Each row in this table represents an order made by a particular customer. An order may contain multiple products.
- `order_id` &ndash; Unique order identifier;
- `user_id` &ndash; Unique user identifier;
- `order_number` &ndash; Order number (how many times a particular user has ordered using this service);
- `order_dow` &ndash; Day of week of the order (`0` &ndash; Monday &#8230; `6` &ndash; Sunday);
- `order_hour_of_day` &ndash; Hour of the day the order was placed;
- `days_since_prior_order` &ndash; Number of days since the user's previous order;

### File `products.csv`

Each row in this table represents a product in the store's inventory.
- `product_id` &ndash; Product ID (unique identifier for each product);
- `product_name` &ndash; Product name;
- `aisle_id` &ndash; Aisle ID (unique identifier for each aisle);
- `department_id` &ndash; Department ID (unique identifier for each department);

### File `order_products.csv` 

Each row in this table information about a particular product that is part of an order.
- `order_id` &ndash; Unique order identifier;
- `product_id` &ndash; Product ID (Unique identifier for each product);
- `add_to_cart_order` &ndash; Order in which product was added to cart;
- `reordered` &ndash; Was the item reordered?

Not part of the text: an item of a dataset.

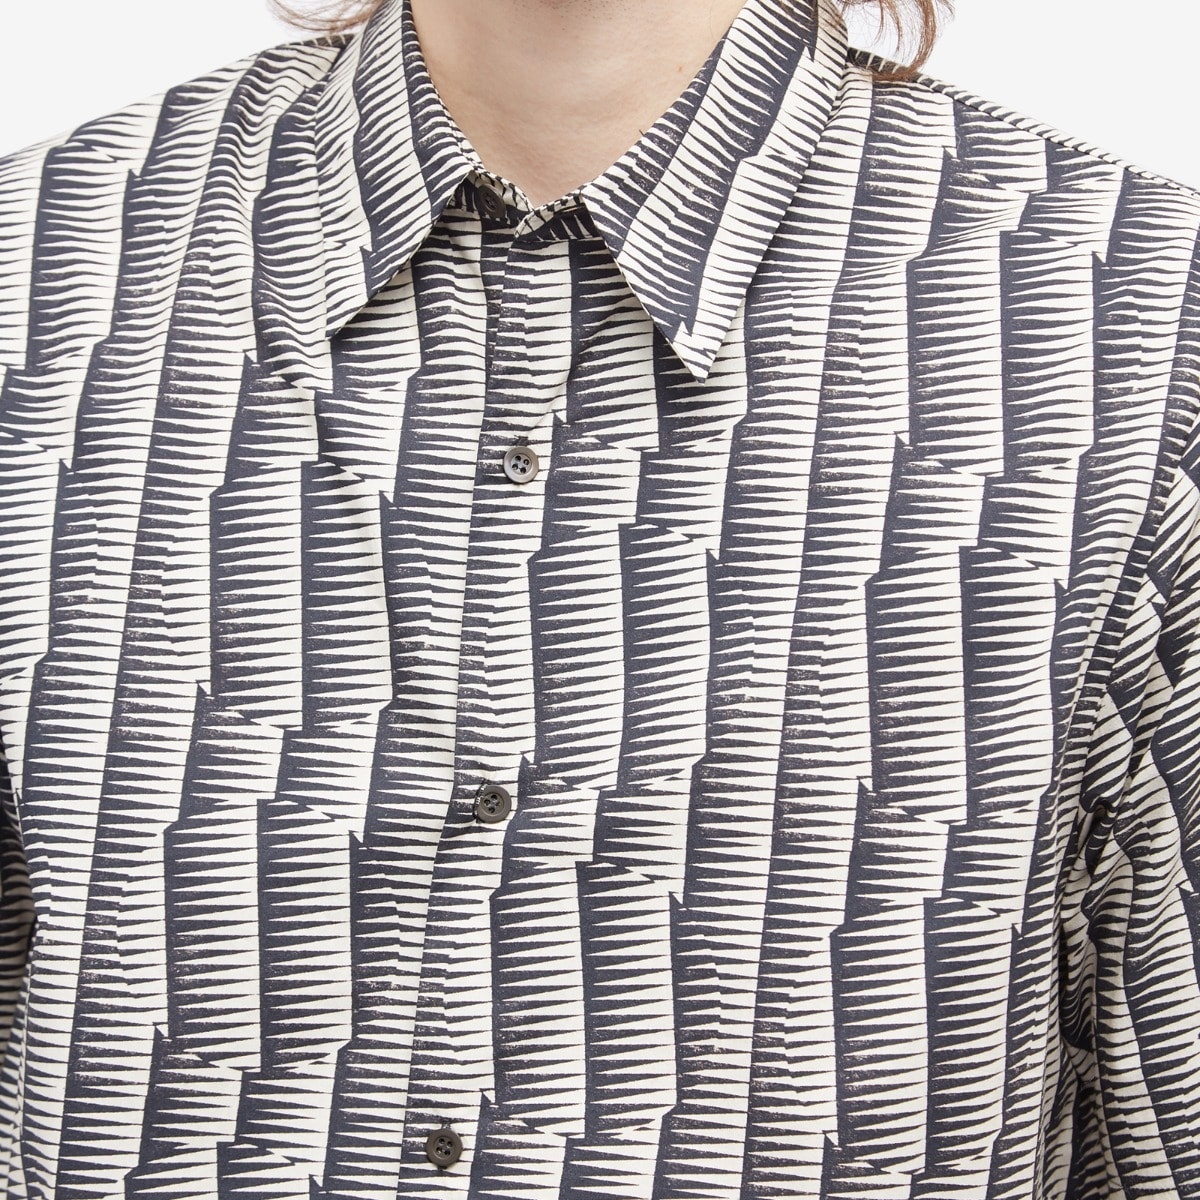 Dries Van Noten Clasen Geometric Print Short Sleeve Shirt - 5

### File `OrganicAisle.csv`

Each row in this table contains information about a particular aisle. Only organic products are included in this table.
- `aisle_id` &ndash; Aisle ID (unique identifier for each aisle);
- `num_items` &ndash; Number of items ordered;
- `aisle` &ndash; Aisle name;

### File `ConventionalAisle.csv`
Each row in this table contains information about a particular aisle. Only conventional products are included in this table.
- `aisle_id` &ndash; Aisle ID (Unique identifier for each aisle);
- `num_items` &ndash; Number of items ordered;
- `aisle` &ndash; Aisle name.

## Submission checklist

**Points**: 1

Before submitting make sure that:

1. Your name is included above, plus the name of any collaborator you worked with;
2. All Markdown cells you edited are rendering correctly, especially the ones with answers.
3. You have removed any `raise NotImplementedError()` line from your code cells.

## Q1 

**Points**: 1

Write a function to called `busiest_dow` that returns the day of the week with most orders.

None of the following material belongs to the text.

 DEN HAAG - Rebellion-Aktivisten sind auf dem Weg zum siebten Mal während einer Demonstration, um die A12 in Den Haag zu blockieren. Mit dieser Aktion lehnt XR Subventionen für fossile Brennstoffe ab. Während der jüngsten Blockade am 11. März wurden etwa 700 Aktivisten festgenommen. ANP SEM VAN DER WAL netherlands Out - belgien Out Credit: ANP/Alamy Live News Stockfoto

Your function should not take any parameter. It should load the appropriate file for this task into a data frame and it should return a Python integer (type `int`, other types like `int64` are not acceptable) between 0 (Monday) and 6 (Sunday).

In [112]:
import pandas as pd 
df = pd.read_csv('orders.csv')
df.head()

Unnamed: 0,order_id,user_id,order_number,order_dow,order_hour_of_day,days_since_prior_order
0,2281065,108077,8,6,16,14.0
1,3407099,195027,8,2,14,7.0
2,2106016,94462,2,0,18,29.0
3,1222212,141637,66,2,13,4.0
4,2571664,119478,28,1,8,6.0


In [119]:
import pandas as pd 

def busiest_dow():
    ### BEGIN SOLUTION
    df = pd.read_csv('orders.csv')
    daily_freq = df['order_dow'].value_counts()
    return int(daily_freq.index[0])
    ### END SOLUTION

Use the cell below to run your function and see what it returns

In [120]:
busiest_dow()

0

In [44]:
import pandas as pd
q1STUDENT_ANS = busiest_dow()
q1CORRECT_ANS = 0

# Function should return int
assert type(q1STUDENT_ANS) == int, f"Error: Your solution returned a {type(q1STUDENT_ANS)} while it should return an int"

# Function should return correct value
assert q1STUDENT_ANS == q1CORRECT_ANS, f"Error: Your solution returned {q1STUDENT_ANS}. Correct answer: {q1CORRECT_ANS}"
print("All tests passed! 👍")

All tests passed! 👍


## Q2

**Points**: 1

Write a function called `items_per_order` that returns the number of items in each order.

Your function should not take any parameter. It should load the appropriate data file and it should return a pandas data frame, indexed by order ID, with the result stored in a column named `num_items`.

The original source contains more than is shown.